Jetzt gerade stirbt wahrscheinlich ein Jugendlicher an einem Selbstmord. Sie fragen sich warum und es gibt natürlich viele Möglichkeiten an
Auslösern, doch ich habe mich mit einigen häufigen Gründen für Suizide, Depressionen und Identitätsprobleme befasst, nämlich dem Mobbing, den Unterhaltungen (Chats) und Selbstdarstellung im Internet.

Dass Instagram, Snapchat, WhatsApp etc. Plattformen sind, in denen das Cybermobbing Gang und Gebe ist, wissen mittlerweile die Meisten. Doch
dass gerade Jugendliche nach Likes, Kommentaren, Markierungen und anderen Aufmerksamkeit bringenden Angaben süchtig sind, wissen die meisten nicht. Ob man es wahr haben will oder nicht, für viele Jugendliche ist es unglaublich wichtig, wie viele Likes das Bild bekommt, welches sie eben auf Instagram hochgeladen haben. Doch warum?

Die Sozial Media Seiten sind für fast jeden Schüler ab ca. 12 Jahren kaum noch wegzudenken. Die Abhängigkeit ist auch nicht das Problem,
sondern die Gier, sich als perfekt auszugeben oder immer bekannter zu werden. Gerade in der Pubertät wissen viele nicht wer sie sind, was für einen Charakter sie haben, was sie eigentlich erreichen wollen etc.. Diese Identitätsprobleme haben teilweise drastische Folgen, die einen werden drogenabhängig oder beispielweise magersüchtig, die anderen begehen vielleicht Selbstmord. Wir kennen es von Prominenten, wie z.B. Sawyer Sweeten, der Schauspieler von ,,alle lieben Raymond“ nahm sich April diese Jahres mit 19 Jahren das Leben nahm, die dem Druck nicht mehr standhalten können, so schlimm muss es nicht kommen, es reichen auch Einbrüche im Leben, als Folgen wie bei Miley Cyrus, Justin Bieber oder Charlie Sheen, die immer wieder starke Abstürze in ihrem Leben haben. Doch wenn man mal nachguckt, geht es vielen Leuten in unserem Umfeld ebenso. An vielen Beispielen in den letzten Jahren konnte man sehen, wie stark das Cybermobbing zu genommen hat.
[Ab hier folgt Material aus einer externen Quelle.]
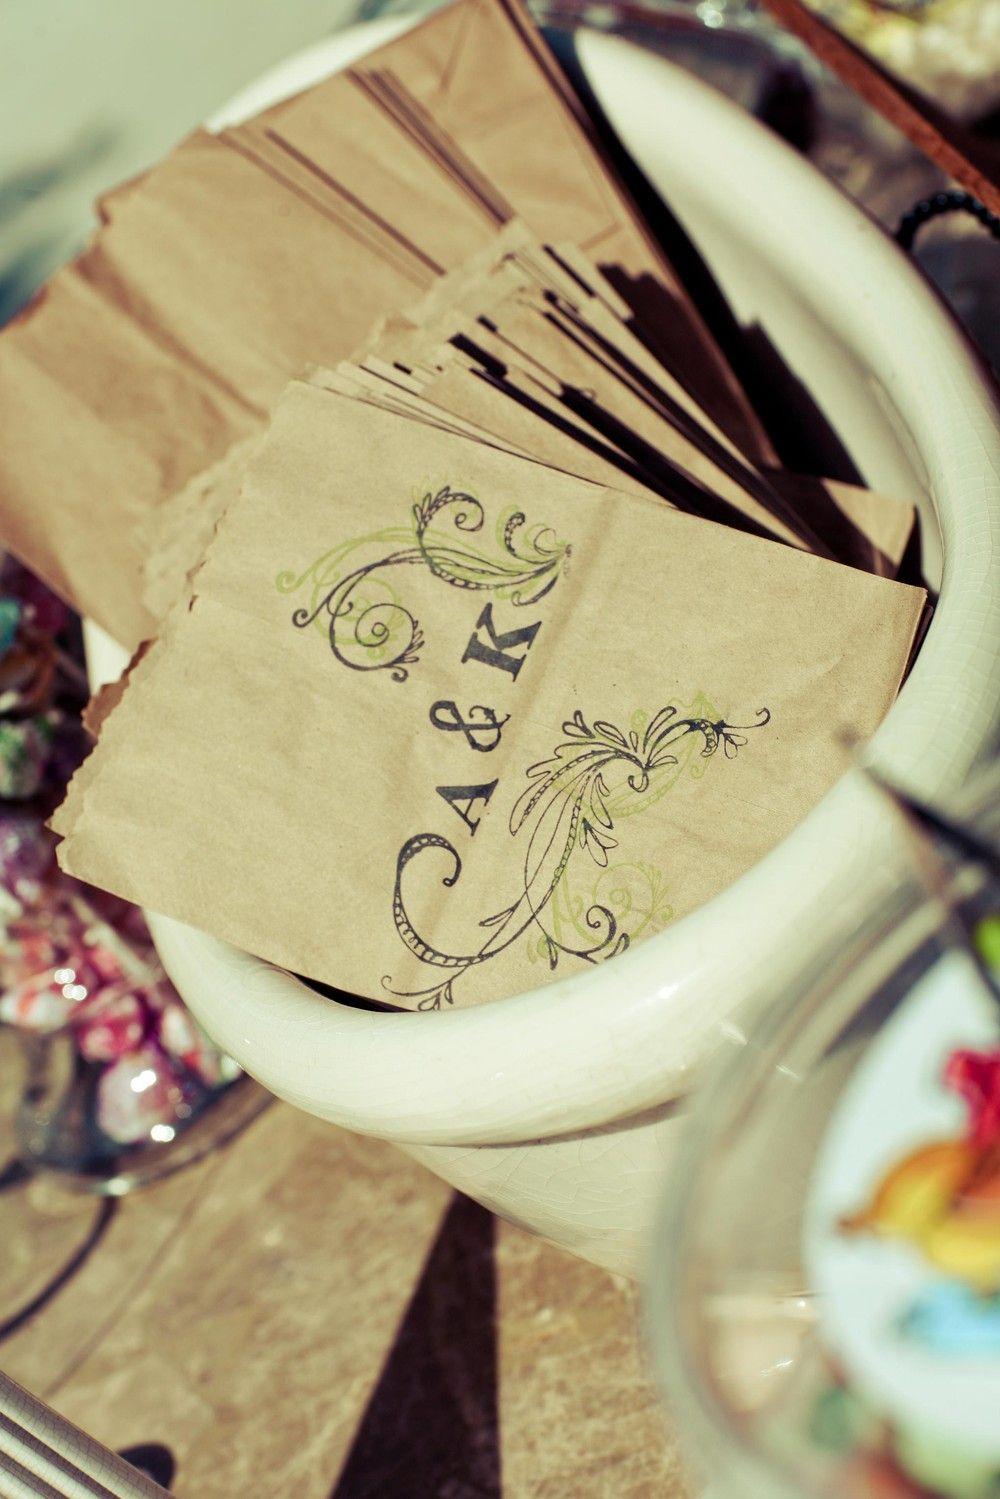 SAMPLE Wedding Favor Candy Bag. Custom. Rustic Chic. Hand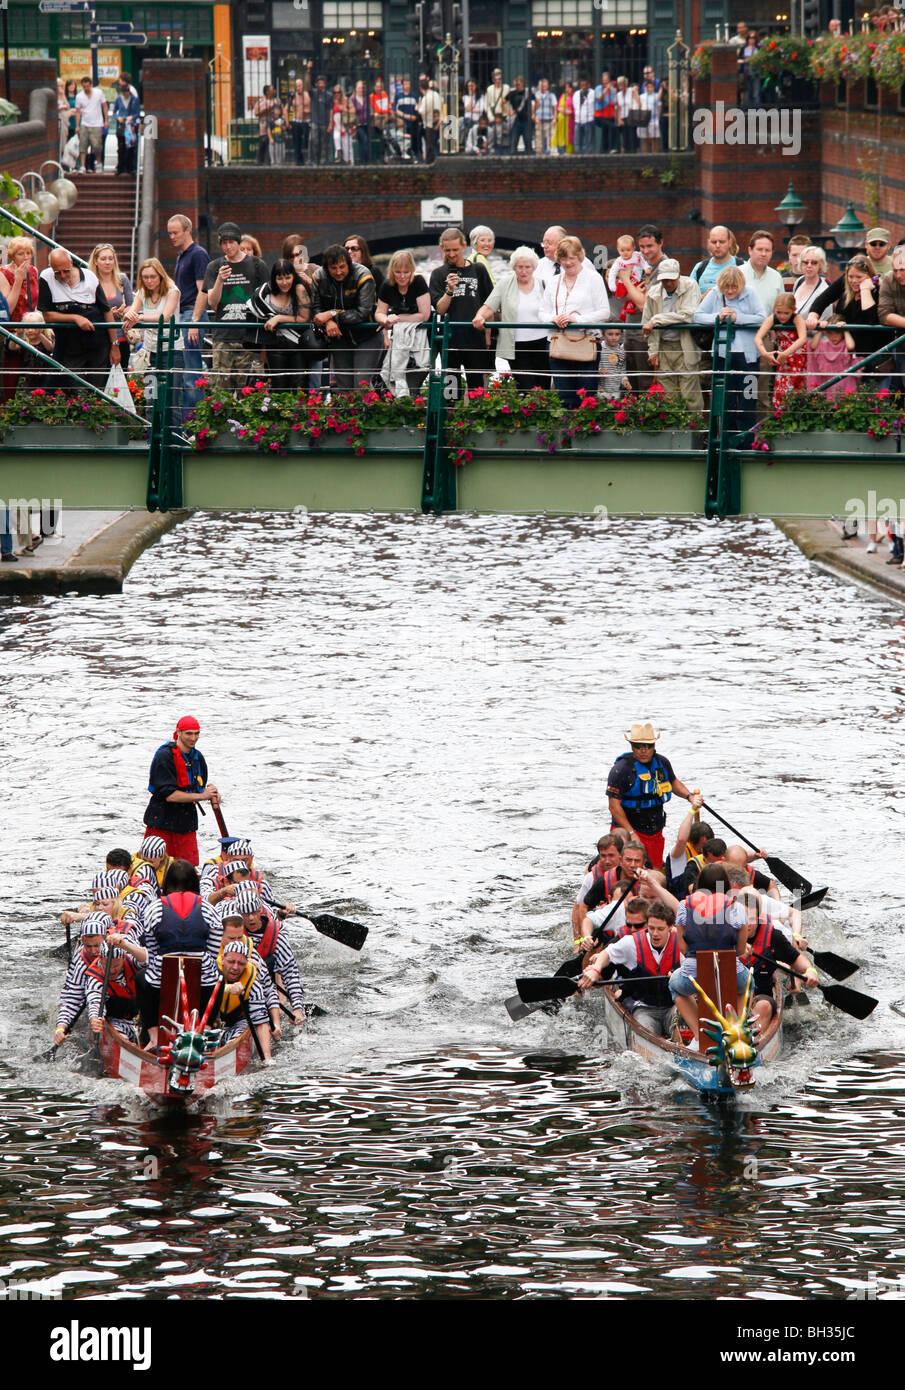 Dragon Boat racing sul canal a Brindleyplace, Birmingham. Immagini Stock

Facebook wurde früher sehr oft mit Selbstmorden durch Mobbing in Verbindung gebracht, heute sind es hauptsächlich Instagram, Ask.fm und WhatsApp, weil diese Plattformen mittlerweile die sind, auf denen sich die Mitschüler oder andere Bekannte befinden.

Gerade in den letzten Jahren ist allerdings besonders die Abhängigkeit von Aufmerksamkeit unglaublich gestiegen, nur wie wird man „Fame“?
Eine Frage, die sich viele Jugendliche stellen. Oft denken sie, sie erlangen Bekanntheit wenn sie ,,coole“ Dinge tun wie Shisha rauchen, trinken, feiern usw. und dies dann posten. Doch in 98% der Fälle stehen diese Personen nicht dahinter und tuen dies nur um ,,cool“ zu wirken. Diese vorgetäuschte Selbstdarstellung ist für Manche das größte Problem, denn es gibt kaum etwas Schlimmeres, als nicht zu wissen, wer man ist, umso schlimmer, wenn man vorgibt jemand anderes zu sein. Diese Verstellung, der eigenen Art kann schwerwiegende Folgen haben. Sie glauben mir nicht? Dann hinter fragen sie sich, ob sie nicht mal in solch einer Situation befanden. Diese Situationen werden für die Betroffenen Alltag! Nur wer will das?  Aus der Perspektive der
betroffenen Personen, wie von Sawyer Sweeten, oder Freunde in unserem Umfeld,  kann man sagen, dass sie dem Druck standhalten wollen/müssen, eine falsche Ansicht, die diese Leute alles tun lässt. Oft ist es der Gruppenzwang, der diese Jugendliche dort hineinzwängt, Sprüche wie:,, ey, bist ein Spielverderber?“ will niemand hören. Deshalb ist der Freundeskreis sehr häufig einer der Gründe für diese Taten.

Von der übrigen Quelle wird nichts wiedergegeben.